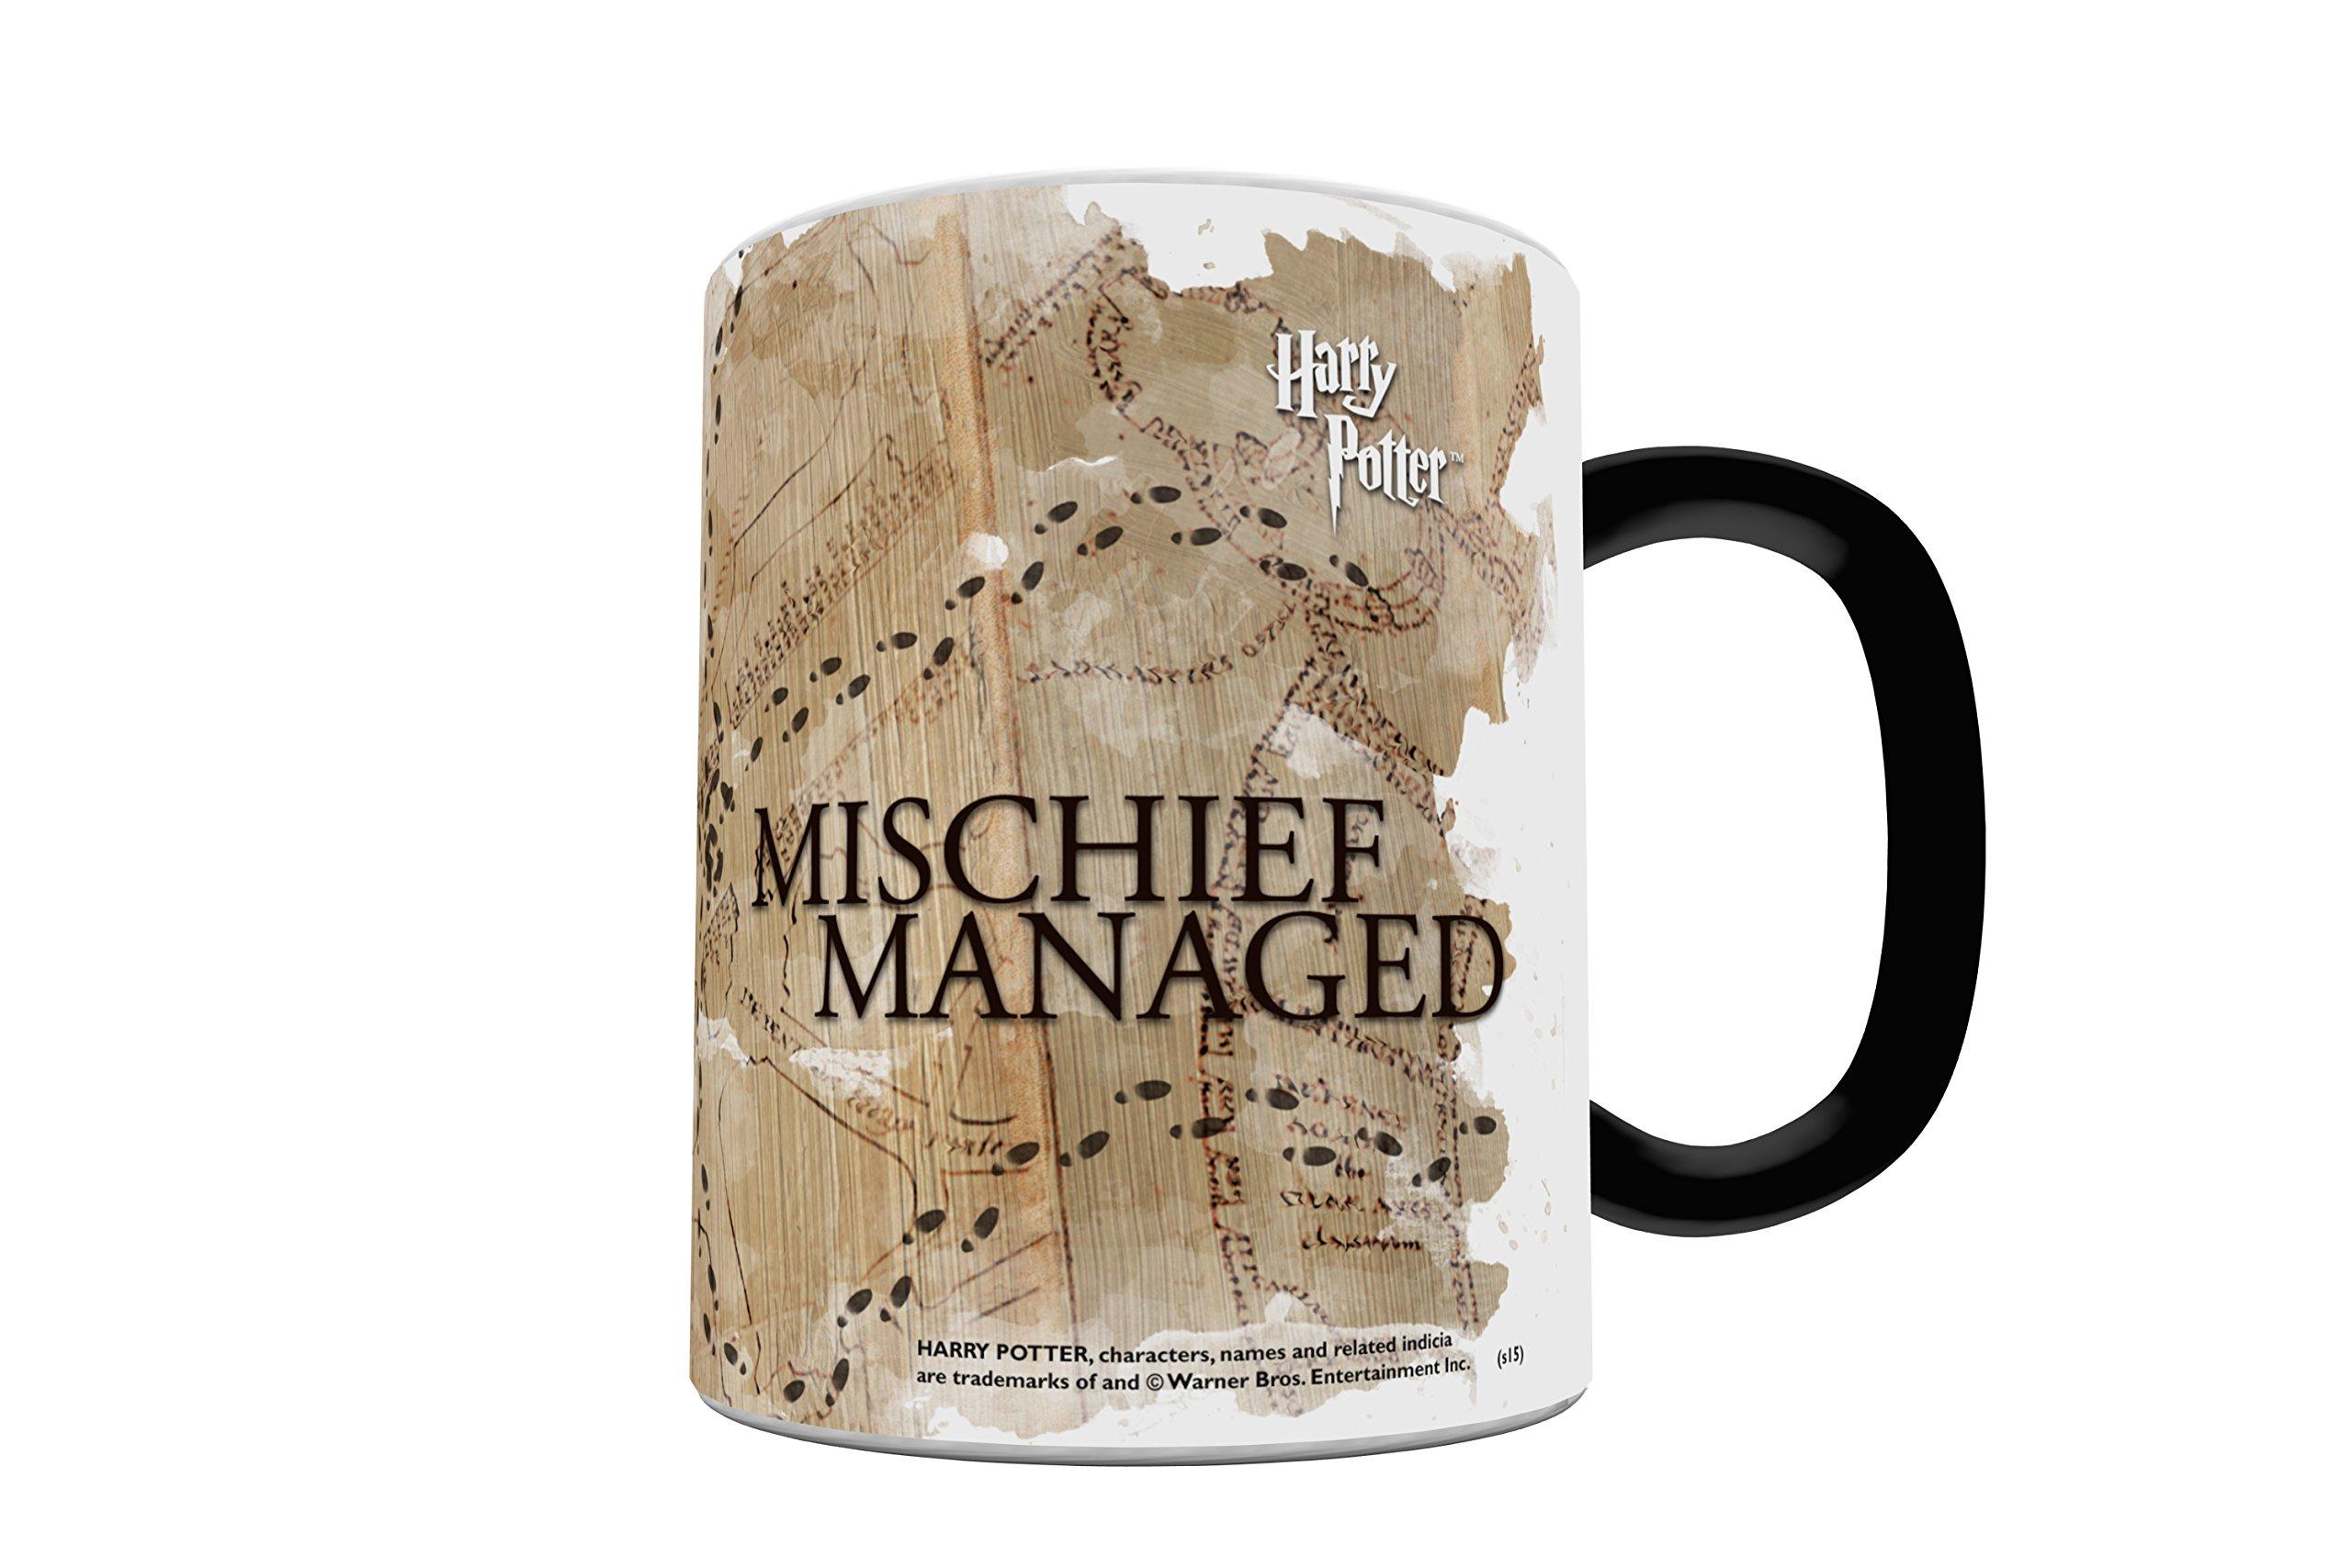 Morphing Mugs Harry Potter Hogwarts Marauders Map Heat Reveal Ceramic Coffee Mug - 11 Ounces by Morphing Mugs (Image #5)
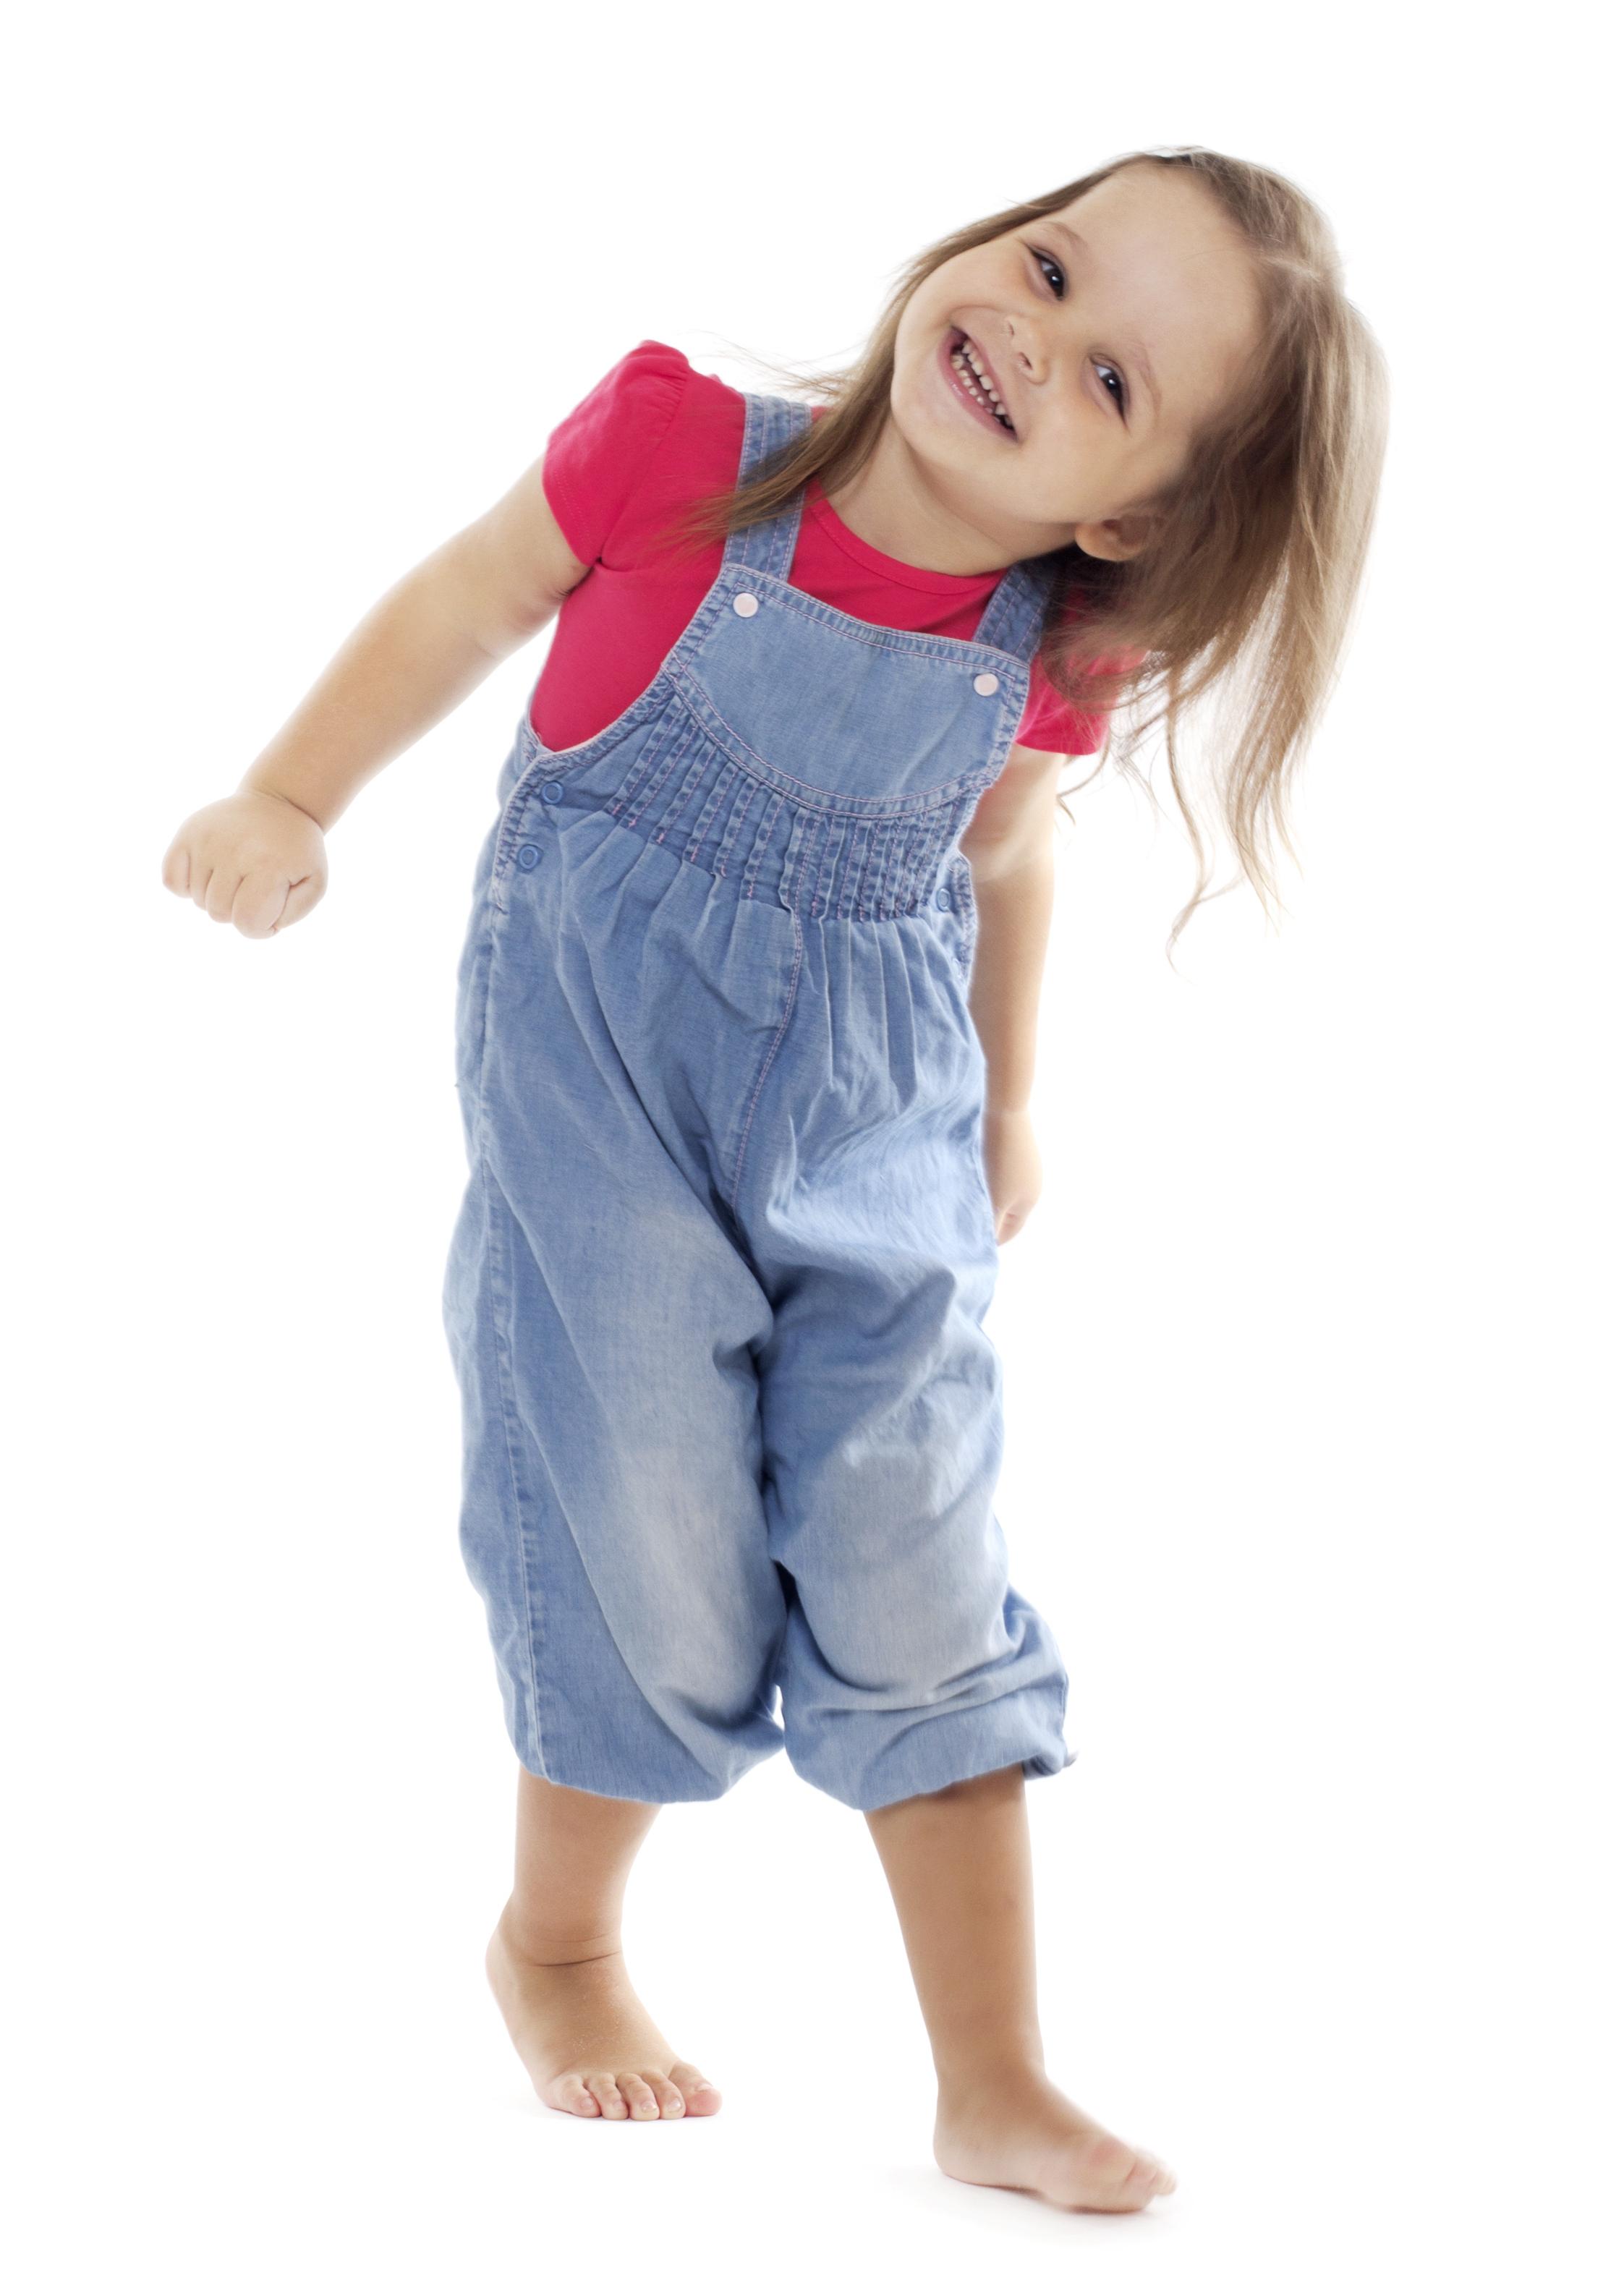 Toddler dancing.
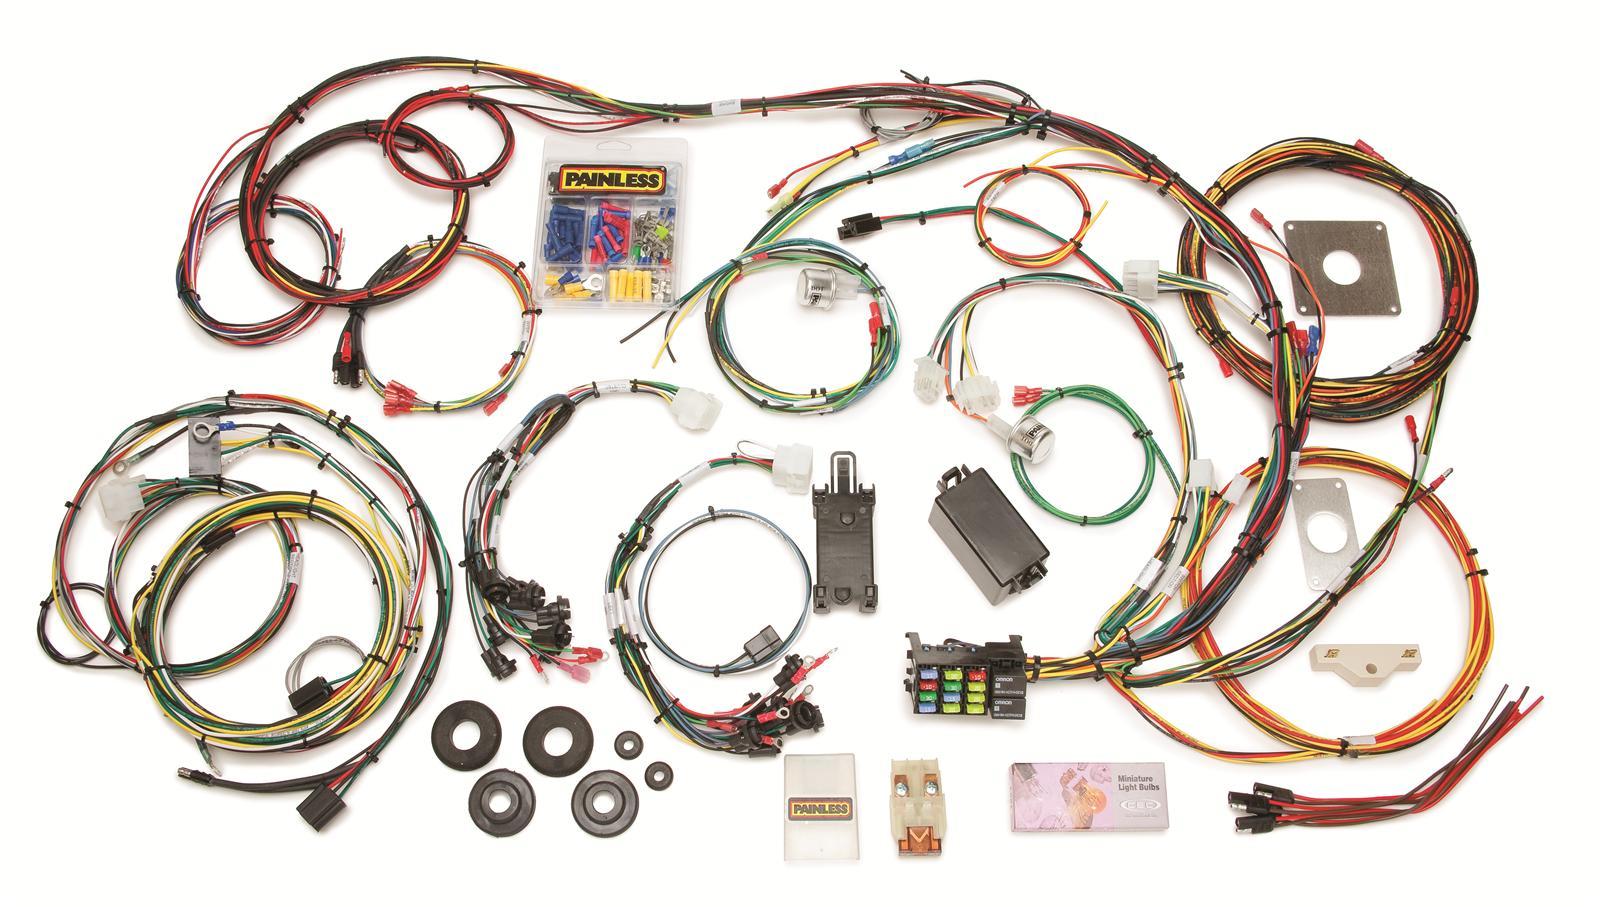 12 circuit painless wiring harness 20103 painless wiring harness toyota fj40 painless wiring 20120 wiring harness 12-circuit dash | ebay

§ **Your objective**: Restate the data above verbatim, skipping every image.

§ **Response area**:
 Morphing Mugs Harry Potter Hogwarts Marauders Map Heat Reveal Ceramic Coffee Mug - 11 Ounces by Morphing Mugs (Image #5)
 Toddler dancing.
 12 circuit painless wiring harness 20103 painless wiring harness toyota fj40 painless wiring 20120 wiring harness 12-circuit dash | ebay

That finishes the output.